McCleary later stated that "his one regret is not having fought harder to save USi", but that it would not have been possible due to his family issues and the collapse of the World Trade Center all occurring at the same time. USi still runs today as part of IBM.

=== Evergreen Assurance ===
In 2003, after reframing his position at USi, McCleary founded Evergreen Assurance in Baltimore, Maryland. Evergreen was a platform to assist businesses in recovering email and digital records in the event of a disaster. Evergreen was acquired by its competitor, MessageOne, in 2004 for 50 million dollars. Since leaving Evergreen, McCleary has served on the board of directors of several tech companies.

=== Other positions ===
In 2000, McCleary was the chair of an advisory board of tech executives that helped the then Maryland Governor, Parris Glendening to launch his e-commerce initiatives for the 2000 legislative session.
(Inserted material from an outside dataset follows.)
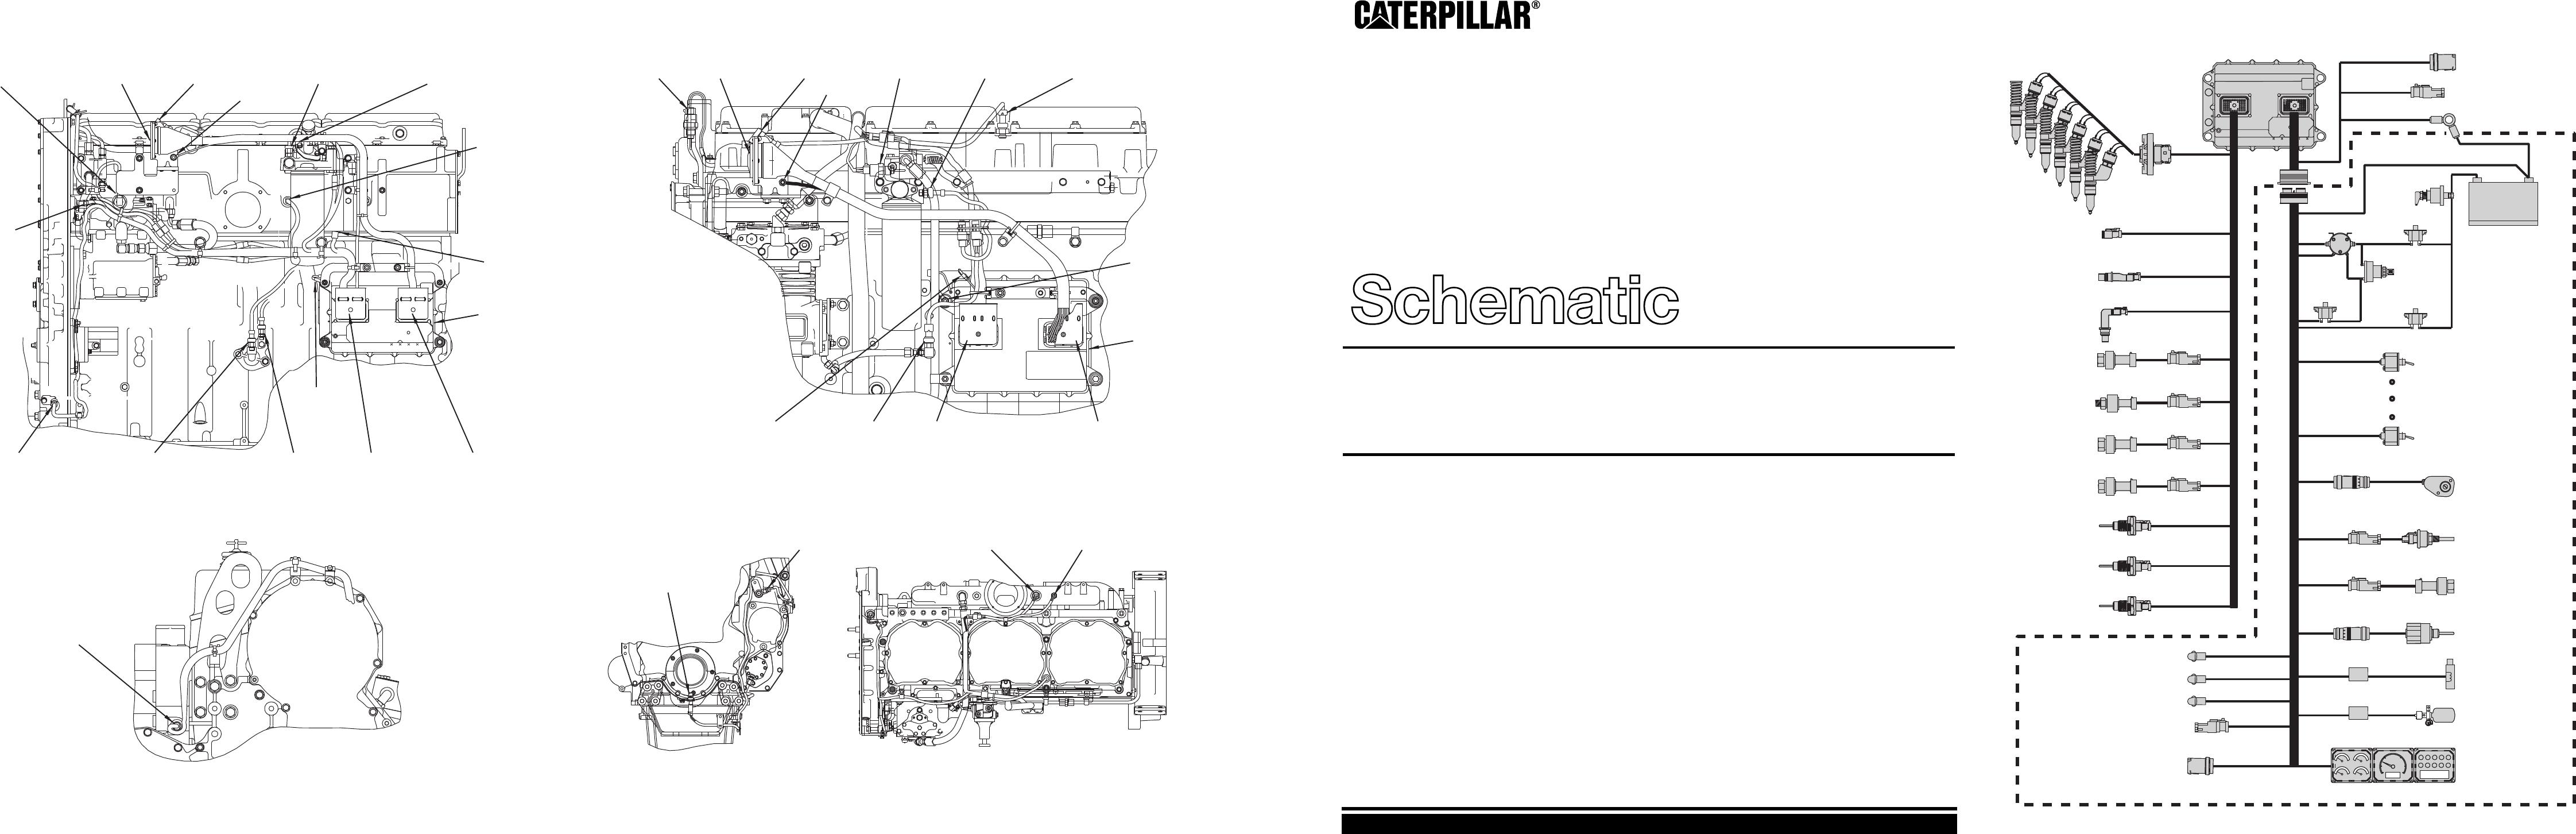 C-10, C-12, C-15 & C-16 INDUSTRIAL ENGINES – ELECTRICAL

In 2006, McCleary was appointed the director of Blue Chip Venture Company. Blue Chip had previously invested in Digex, USI, and Evergreen Assurance. In September 2006, McCleary was elected chairman of the board for Radware. In 2008, McCleary joined the board of directors of Hosting.com, a managed services and colocation provider.

McCleary serves on the board of Baltimore Emerging Technology Center business incubator and as chairman of the investment committee. He is a member of the board of directors of the State of Maryland Venture Fund. McCleary has served on the board of trustees of Anne Arundel Community College in Annapolis Maryland.

== Awards and recognition ==
McCleary was featured on the cover of Forbes Magazine as one of the tech titans who was credited with “re-writing the rules of the Web”.

McCleary was awarded the Ernst and Young Entrepreneur of the Year Award for Software in 2000 and Washington Post Newsweek Corporate Citizen of the Year 2000.

In 1999, the Annapolis and Arundel County Chamber of Commerce awarded McCleary with Arnie C.Gay Service Award for his nourishing business in the county.